> **Given data**:
++++++++++++++++++++
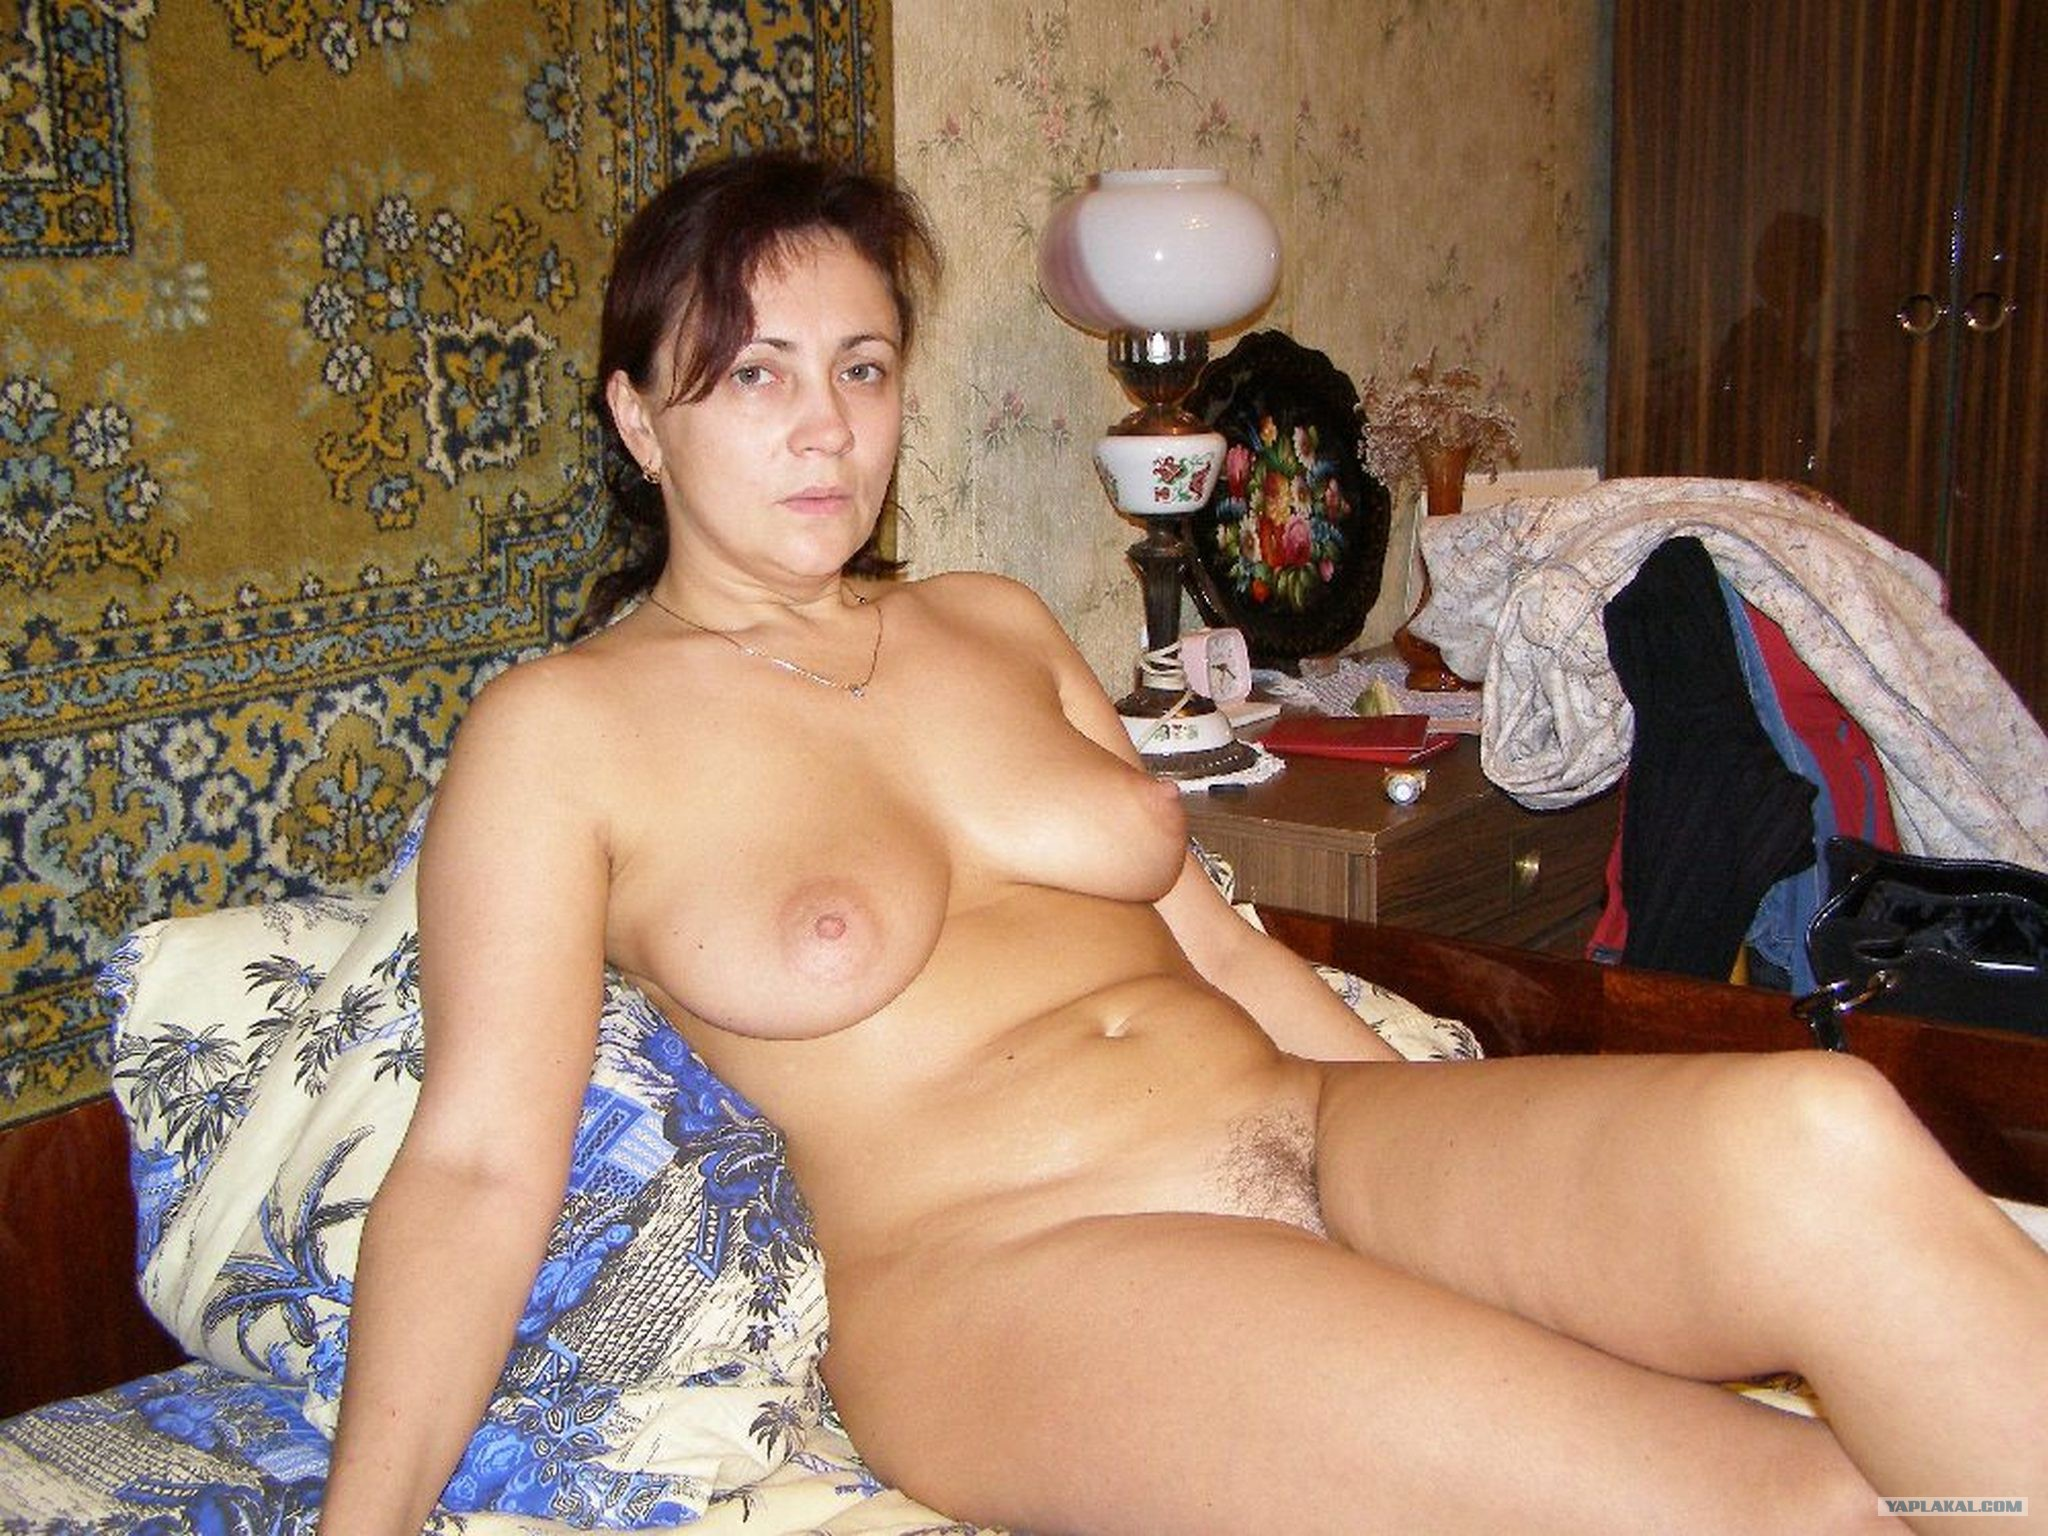 Сексуальная женщина в возрасте эротика 26 фотография
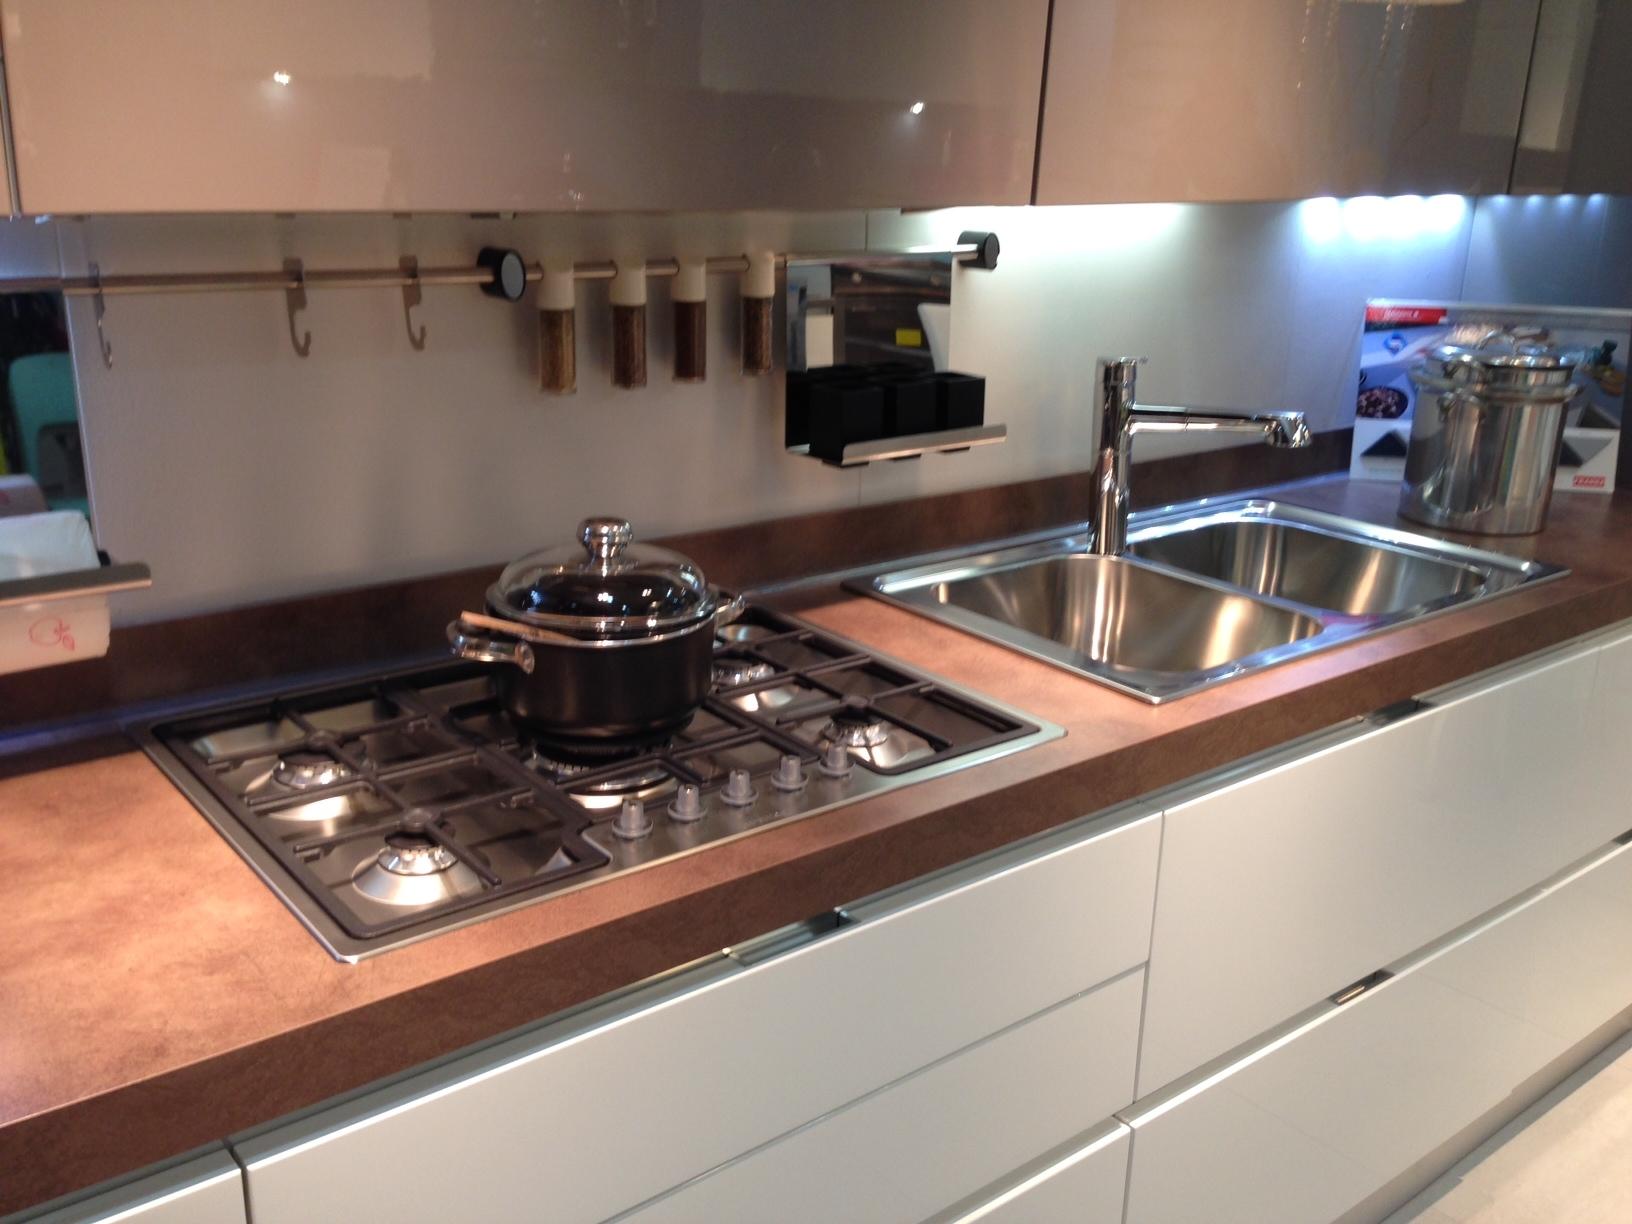 Scavolini cucina scenery scontato del 50 cucine a - Top cucina acciaio prezzi ...
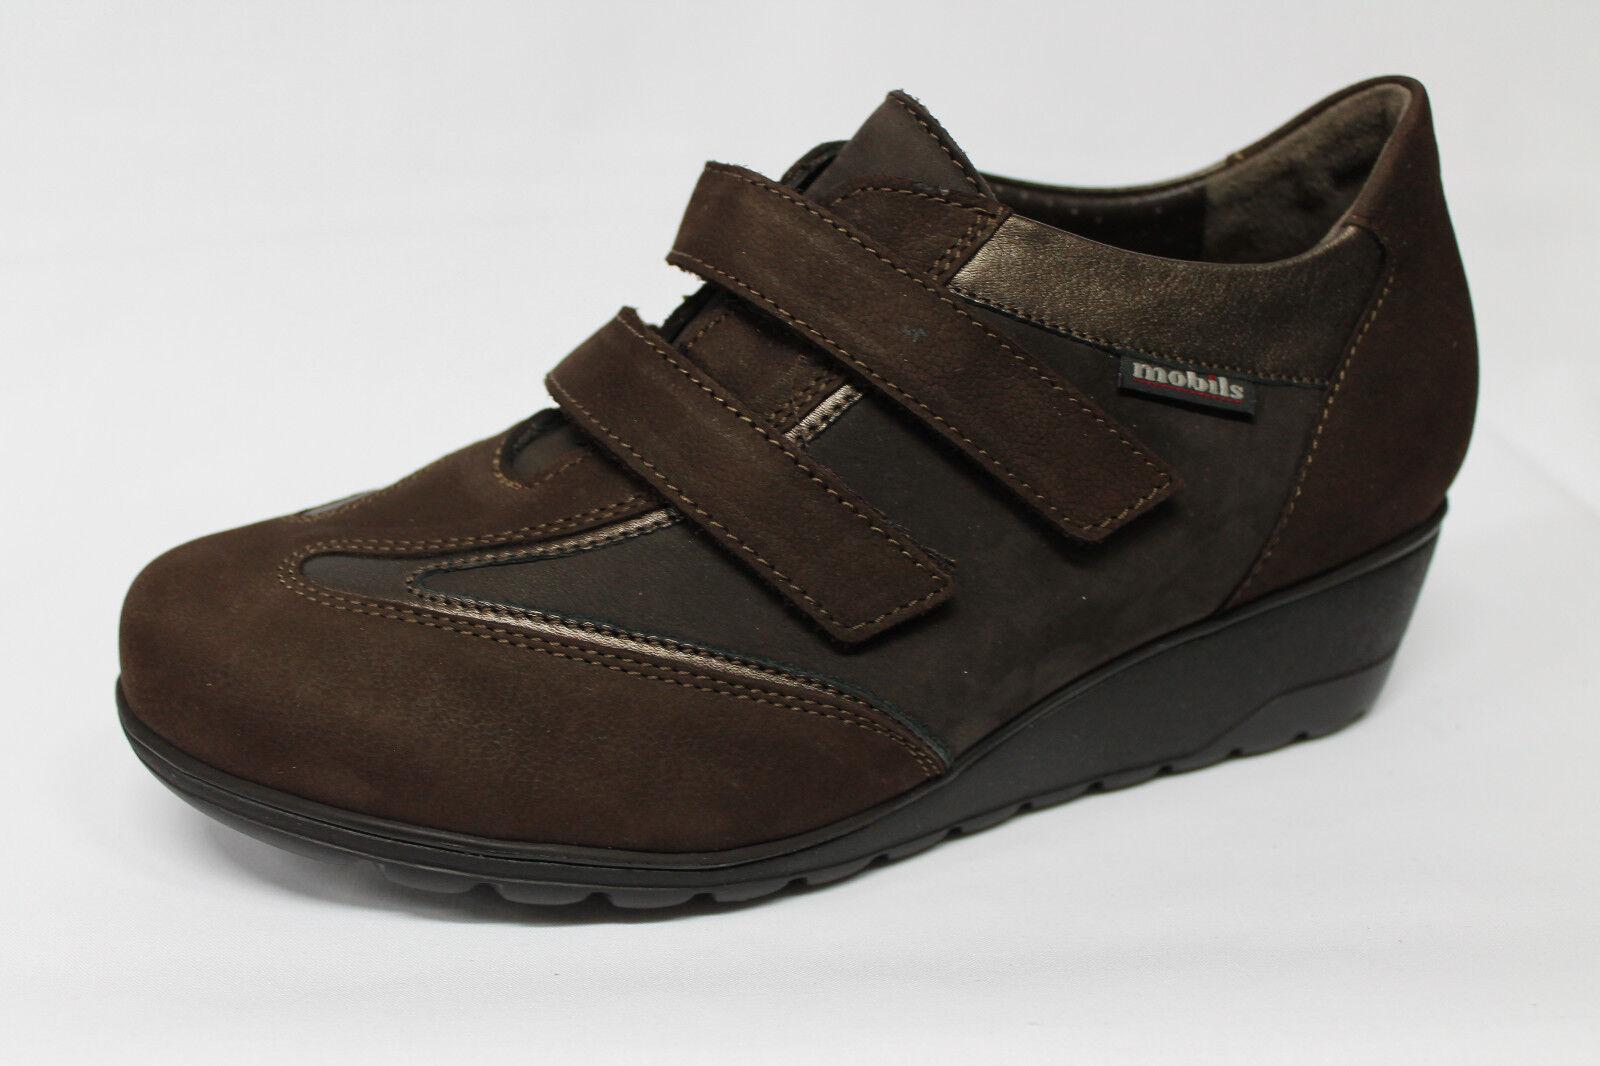 zapatos Mephisto Mobils Ergonomic Gigie Gigie Gigie nabuck marrón listino - 20% 90445a
++++++++++++++++++++
> **What is needed**:
The response consists of the data above printed line for line, with no pictures.

> **Output below**:
 Сексуальная женщина в возрасте эротика 26 фотография
 Scavolini cucina scenery scontato del 50 cucine a - Top cucina acciaio prezzi ...
 zapatos Mephisto Mobils Ergonomic Gigie Gigie Gigie nabuck marrón listino - 20% 90445a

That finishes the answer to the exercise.